Expectations lofty for KSU baseball

By Joel Jellison

Last year was a season of firsts for the Kansas State baseball team.

The Wildcats won their first conference title in 80 years, hosted an NCAA regional for the first time and advanced to the Super Regional for the first time in school history.

But it’s where the season ended, right there in Corvallis, Ore., against Oregon State — one game shy of the College World Series in Omaha — that has stuck with senior second baseman Ross Kivett.

“I never watch it, I didn’t watch one College World Series game — I think about it every day,” Kivett said. “Should I? Probably not. You break up with a girlfriend after five years, you going to think about it? Probably, unfortunately, she’s not coming back.

“Last year was very special. Corvallis hangs in everyone’s locker and I don’t think we’re going to lack motivation because of it.”

The result of last season has been more firsts for the Wildcats. Kivett, the reining Big 12 Player of the Year — was drafted in the 10th round by his hometown Cleveland Indians last June, but opted to return for another shot at Omaha.

With Kivett and the entire infield back, as well as freshman All-American Jake Matthys and Kansas City Royals’ draft pick Shane Conlon, the Wildcats were picked as the preseason favorite in the Big 12 for the first time ever. And they’ve checked in on each of the preseason polls, another first.

There will be plenty attention on the program when the Wildcats open the season next week on Feb. 14 at Cal Poly.

“This is the first year that we’ve had a target on our back,” Conlon said. “We always go play teams that have targets on their backs. This year it’s definitely going to be a lot different. Teams will come and throw their number ones at us all the time. We do have the target on our back this year, and I kind of like that. I have always liked that.

“If you ask all these guys, I think that they will like that, too. We are just really excited to get started and get out of this cold weather.”

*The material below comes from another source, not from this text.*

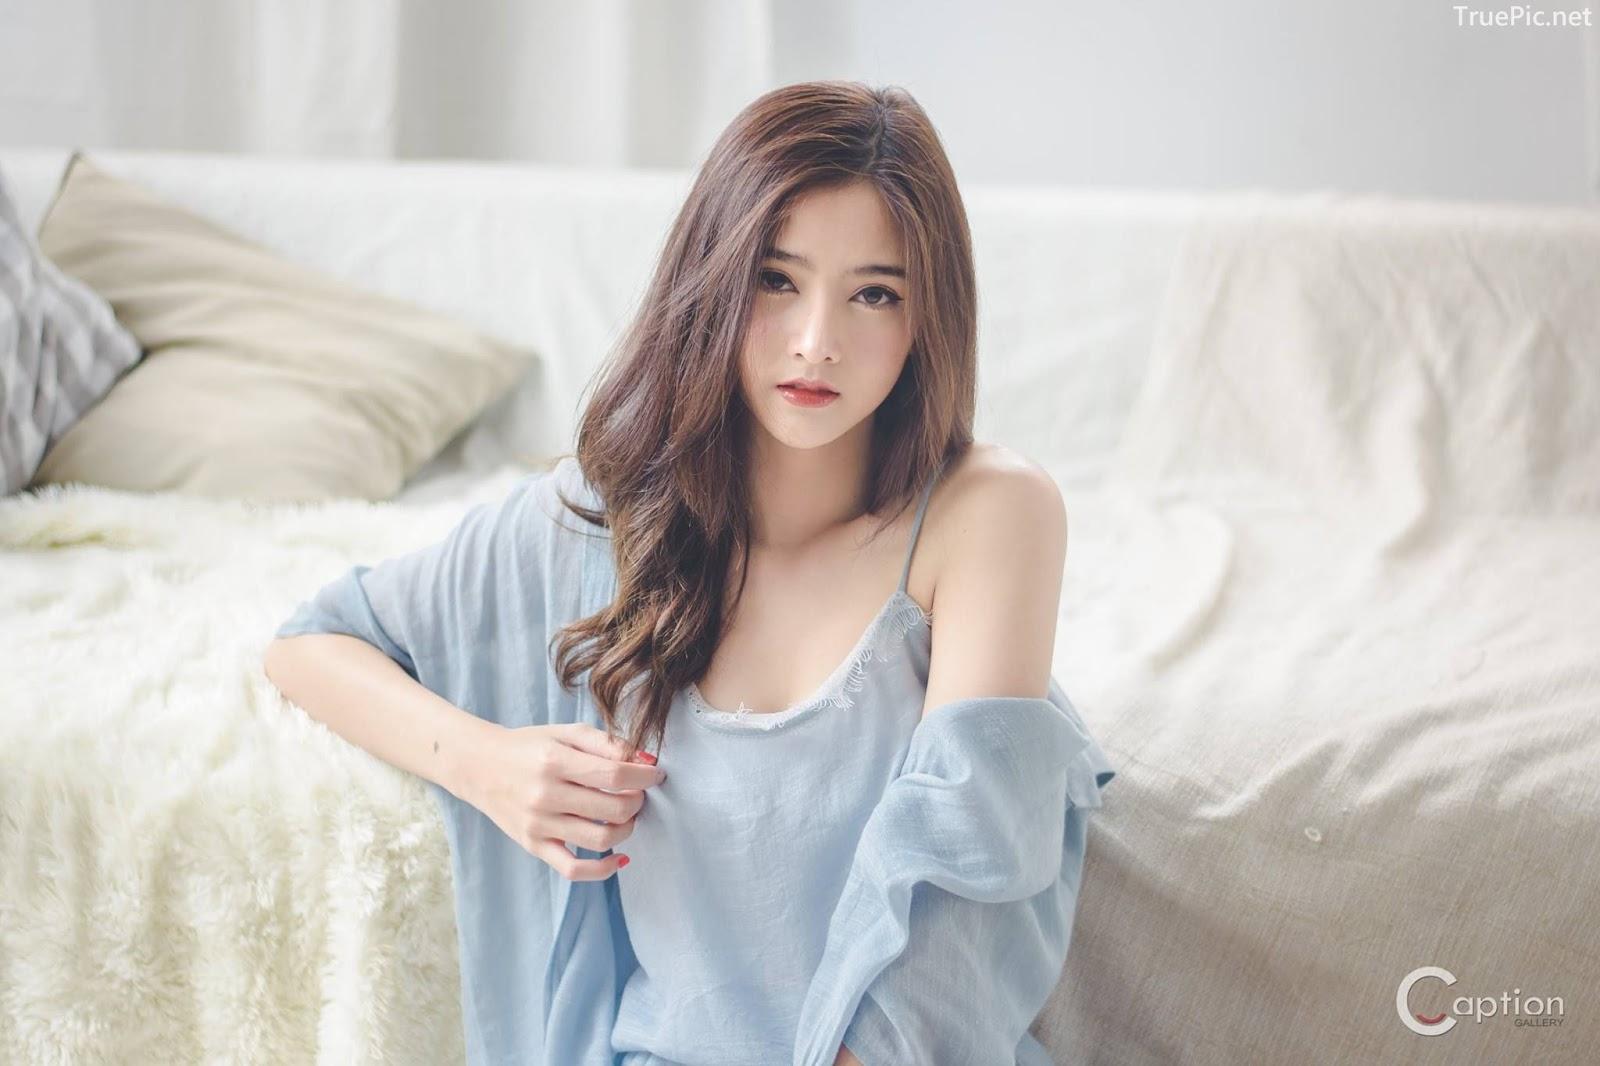 Thailand pretty girl Aintoaon Nantawong - Photo album Beautiful Morning Monday - Picture 9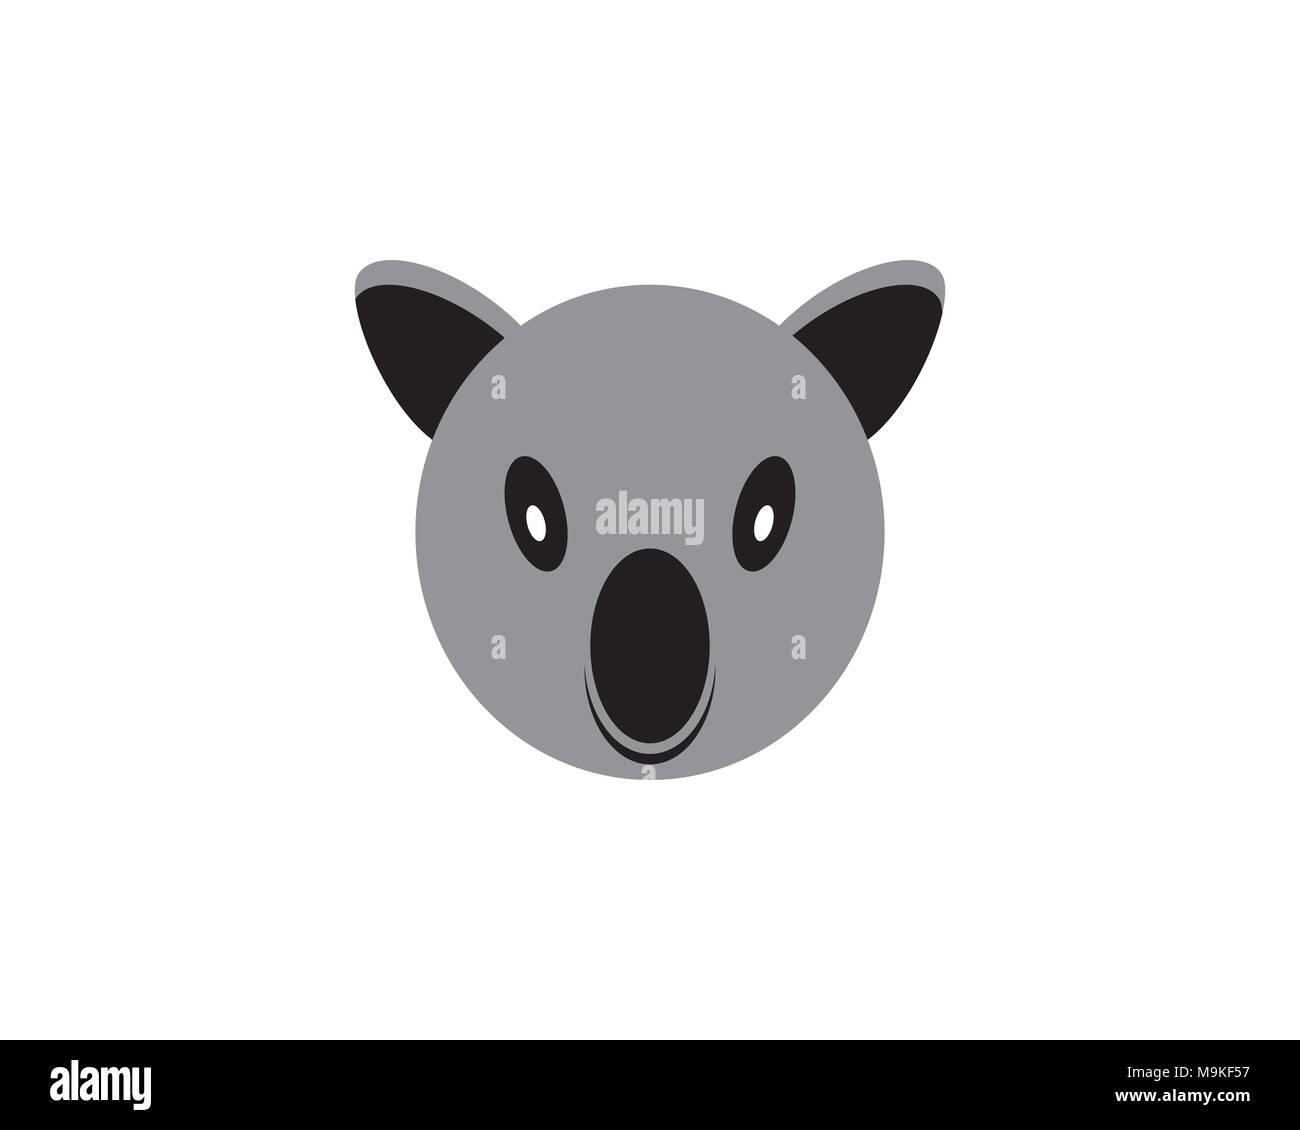 Baby Koala Cartoon Head Imágenes De Stock & Baby Koala Cartoon Head ...

But coach Brad Hill doesn’t expect anything to change this season, even with the expectations and even with the players the Wildcats lost — notably the entire outfield in Jared King, Tanner Witt and Jon Davis.

Hill said he expects the team to keep its blue-collar work ethic and to keep the routines that made it successful last season. To do that, the team will rely on leadership from its experienced players to help groom both the inexperienced outfield and seven freshmen pitchers.

So to sum it up, nothing has changed in Hill’s point of view, and it’s the attitude he’s trying to pass down to his team.

But one thing they aren’t going to do, is ignore the fact that the expectations are there, and they have to be acknowledged.

“We know that they are there, but we just take it one day at a time,” sophomore pitcher Levi MaVorhis said. “(It’s about) just working on what you need to do to get better that day and you don’t focus on what is down the road.”

The surprise of last season was the production the Wildcats got from Matthys, a freshman pitcher who came from a high school team that never finished with a record above .500 during his four years as a player.

But from the day he stepped on campus in Manhattan, Matthys was a player that asked for the ball at the end of the game and wanted to be a closer.

Now that there are both team and personal expectations, Matthys admitted he’s enjoying it.

“I feel like we want to live up to what the expectations are,” Matthys said. “Everybody expects us to get to Omaha. We expect us to get to Omaha and anything short of that isn’t good enough for us.

“Everyone has been working hard in the weight room, on the field, conditioning. Everyone is very determined to make that next step and get to Omaha.”

While making it to Omaha will be the end goal of this season’s high expectations, Kivett said he wouldn’t deem it as Omaha or bust for the program, even if that might be the case for him.

For now, the senior said he and his teammates are enjoying the attention the program is receiving locally as the season approaches.

“There is a lot of hype and it’s fun,” he said. “It took four years, but we are excited to get this going. I think that it’s special because this is my last one. My mom and dad are going to get to come out to a few more games than they usually do. I get to hang out with my best friends for another year and then on to real life.”